■ **Entries supplied**:
┄┄┄┄┄┄┄┄┄┄
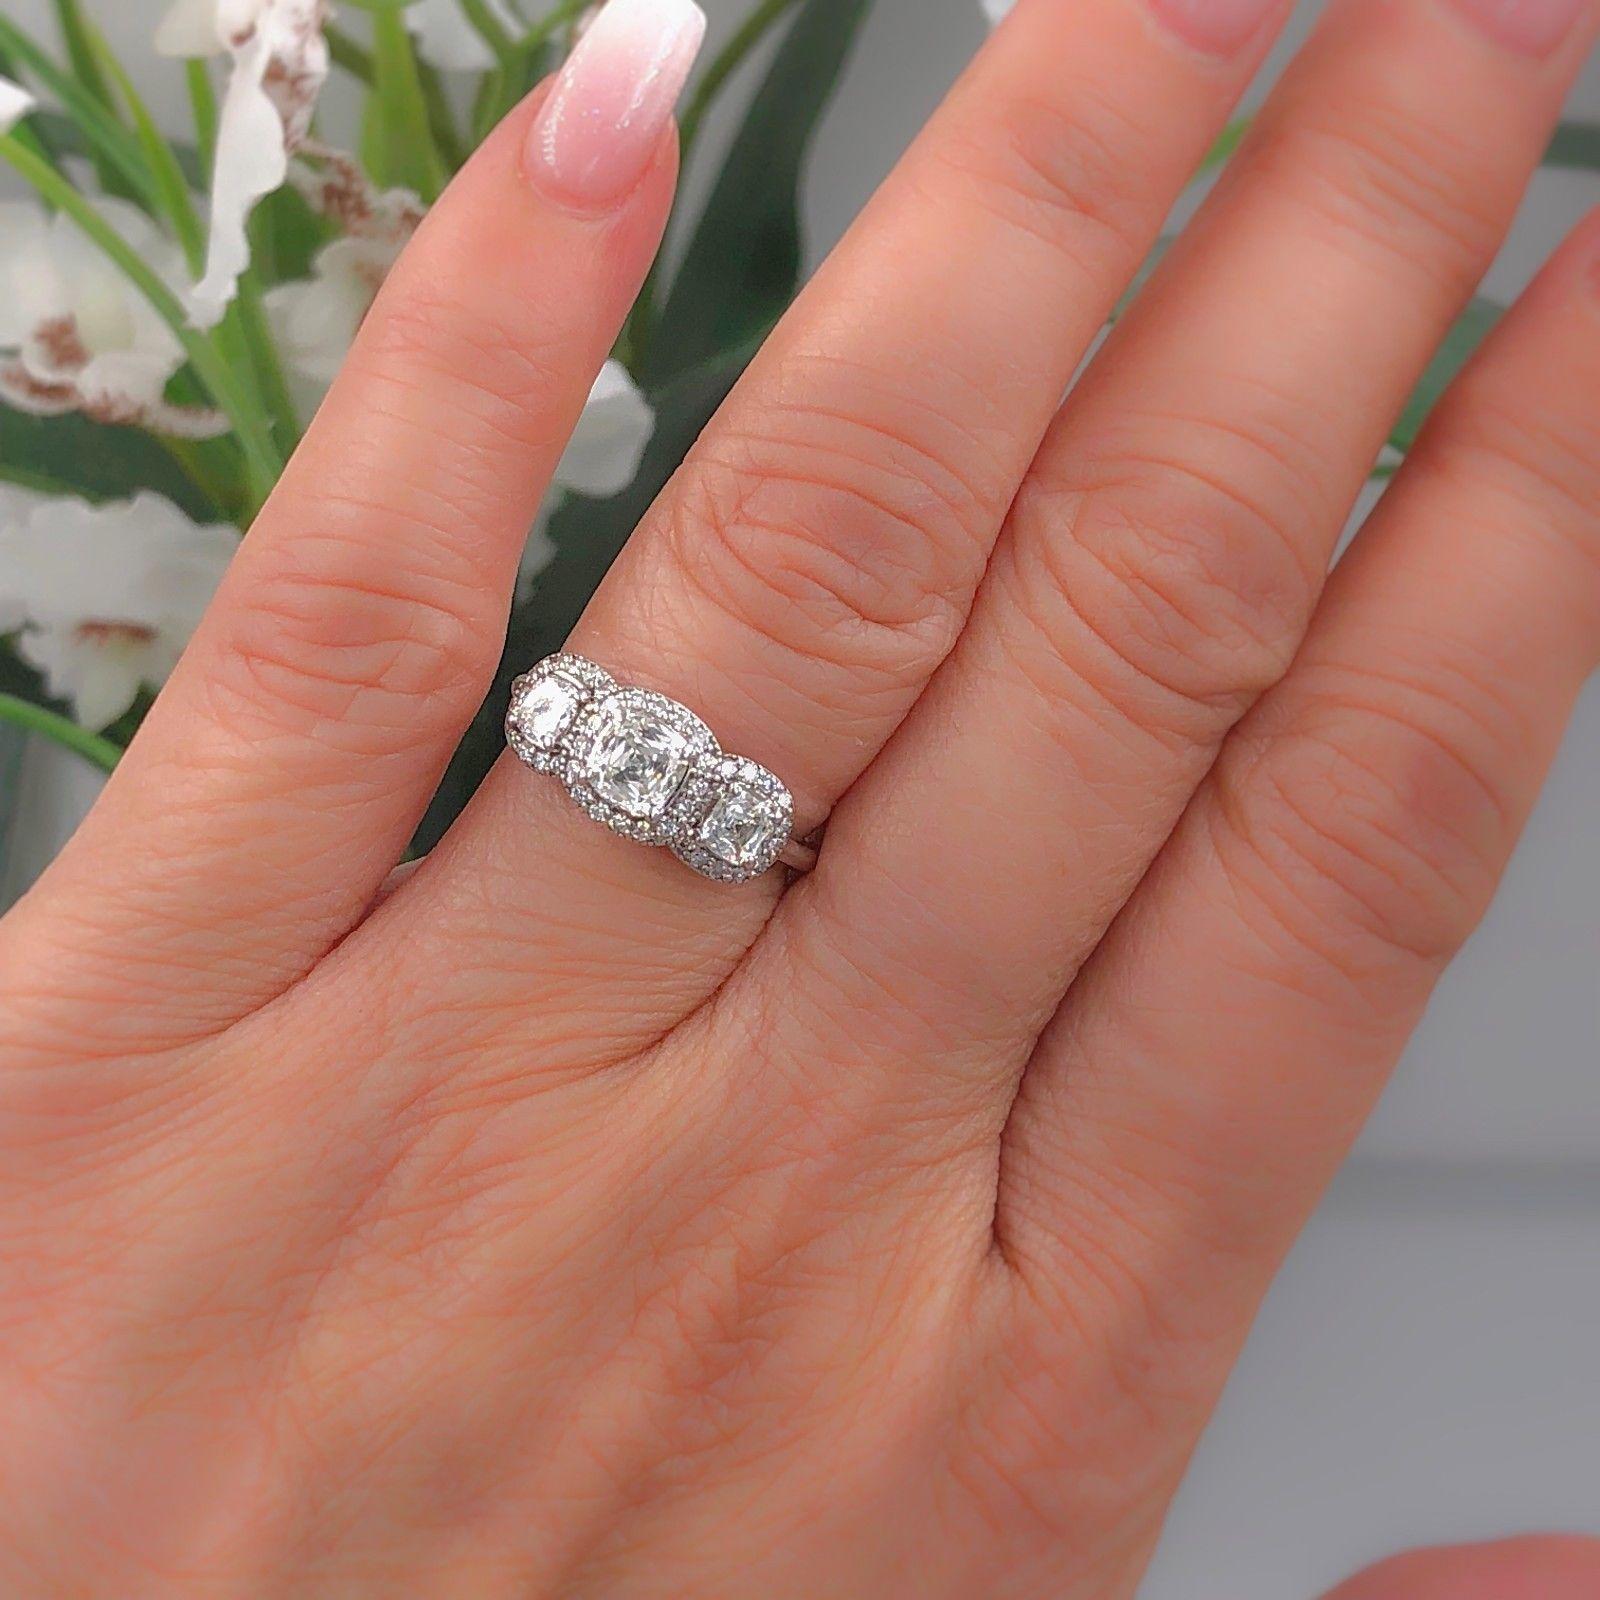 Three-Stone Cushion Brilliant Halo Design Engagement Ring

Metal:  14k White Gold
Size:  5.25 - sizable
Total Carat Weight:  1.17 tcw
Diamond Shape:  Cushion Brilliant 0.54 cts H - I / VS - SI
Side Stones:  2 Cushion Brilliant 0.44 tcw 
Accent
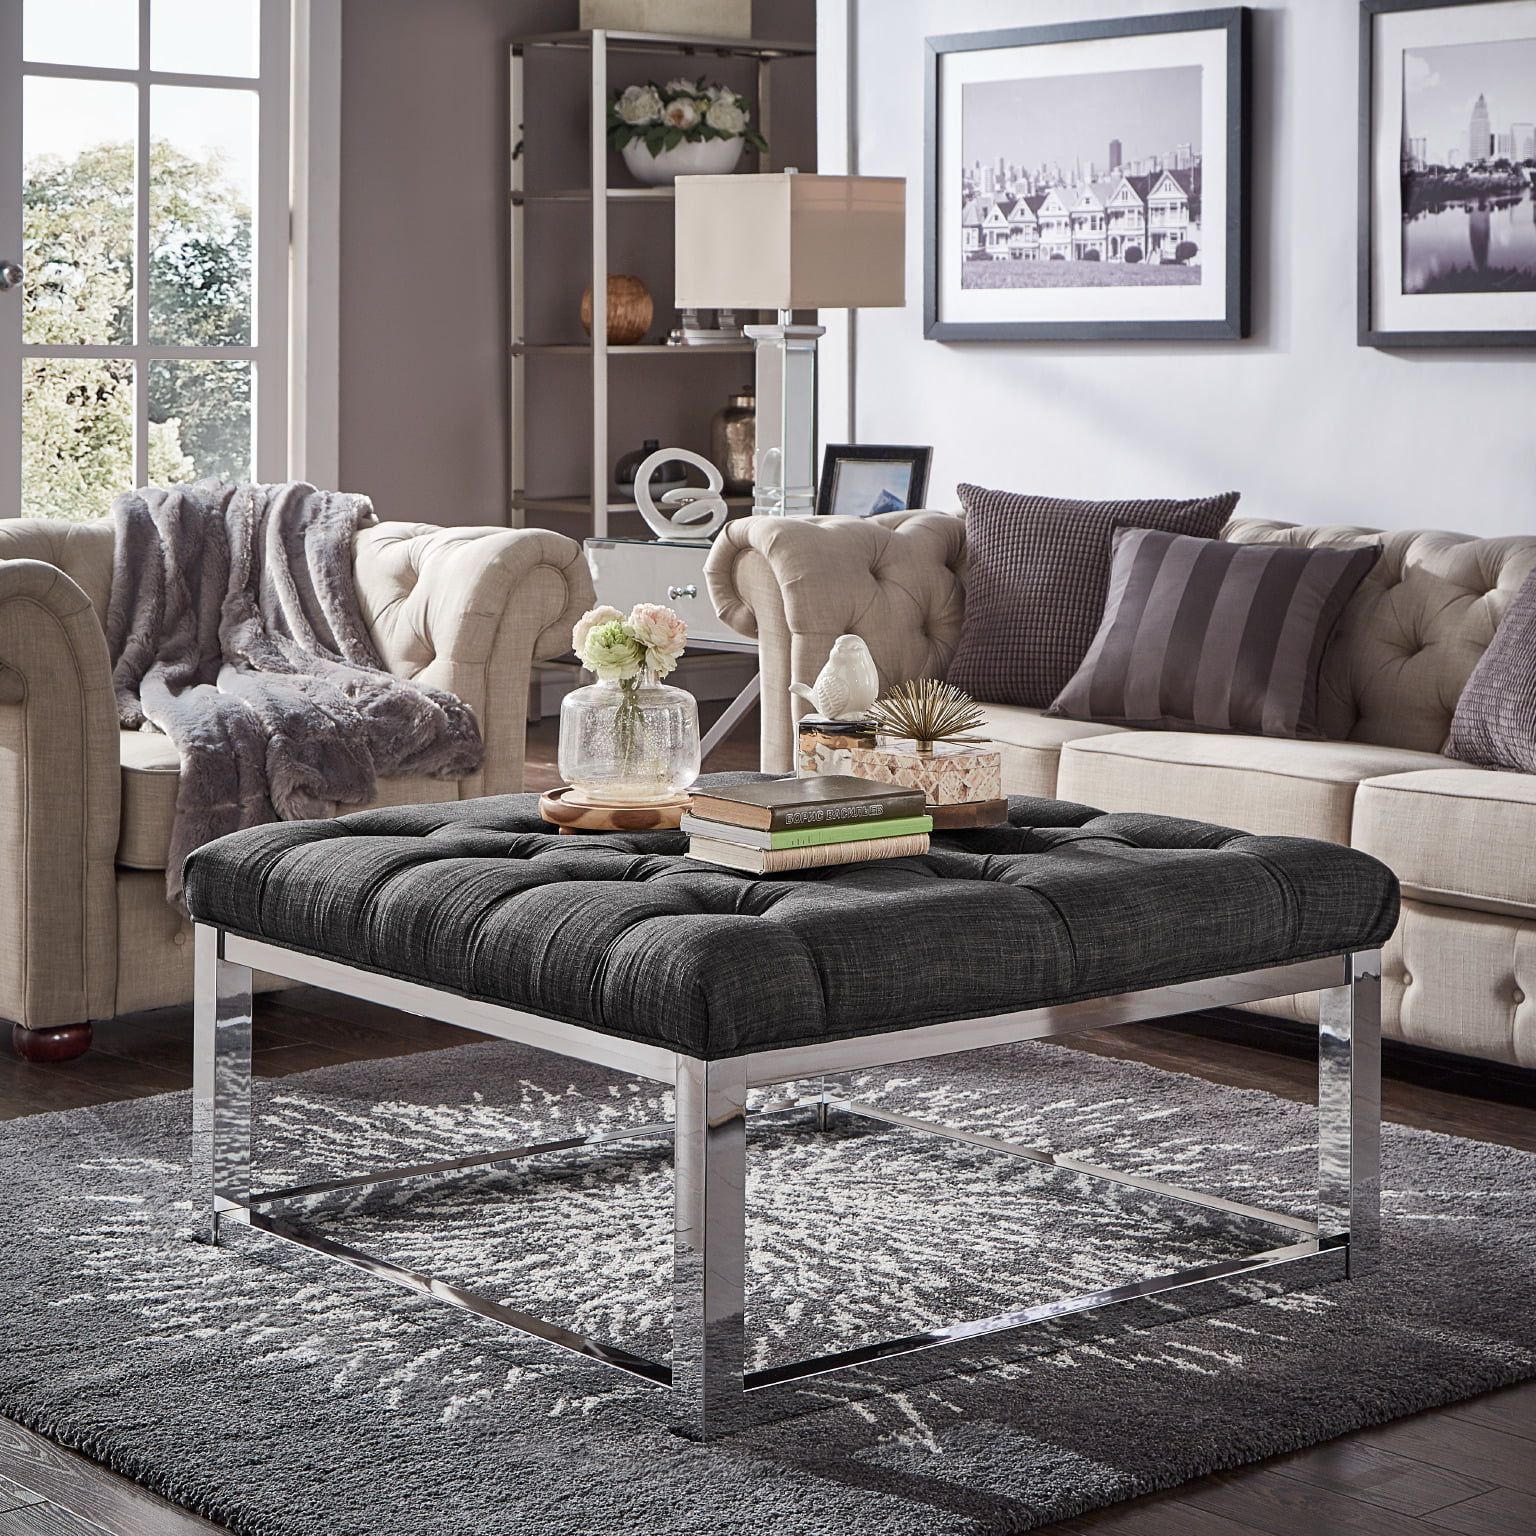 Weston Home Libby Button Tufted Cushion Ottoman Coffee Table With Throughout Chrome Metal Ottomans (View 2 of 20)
┄┄┄┄┄┄┄┄┄┄
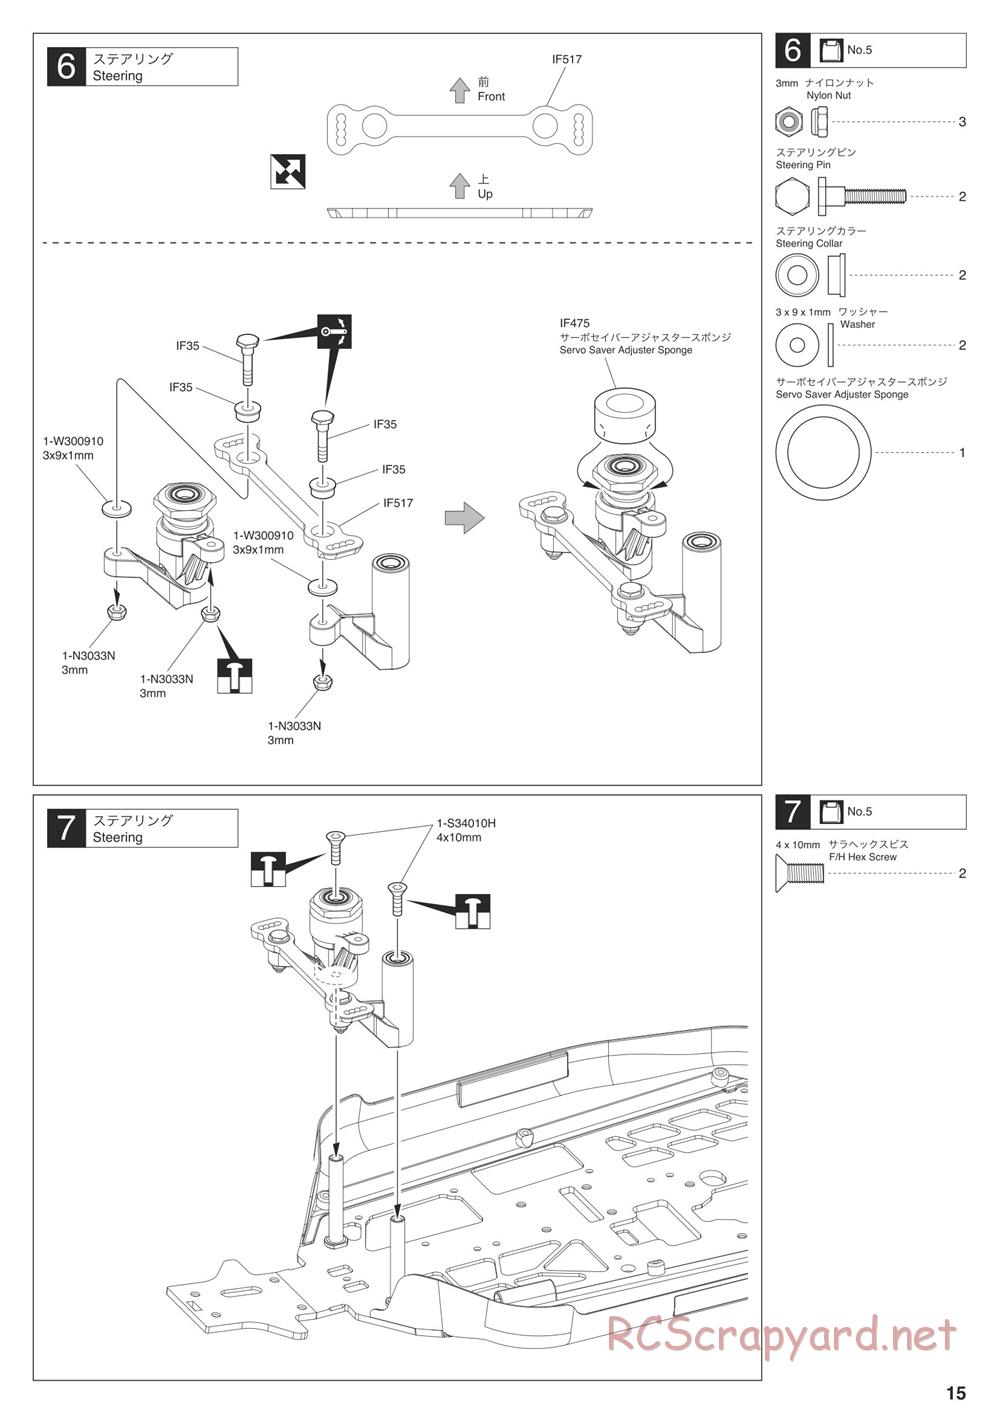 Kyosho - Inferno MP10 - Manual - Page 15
┄┄┄┄┄┄┄┄┄┄
■ **Work instruction**: Looking above, find the stretch of lines that opens with the one holding "Brilliant 0.44 tcw" and closes with the one holding "Weston Home Libby". Copy it exactly, pictures excluded.

■ **Expected answer**:
Side Stones:  2 Cushion Brilliant 0.44 tcw 
Accent
 Weston Home Libby Button Tufted Cushion Ottoman Coffee Table With Throughout Chrome Metal Ottomans (View 2 of 20)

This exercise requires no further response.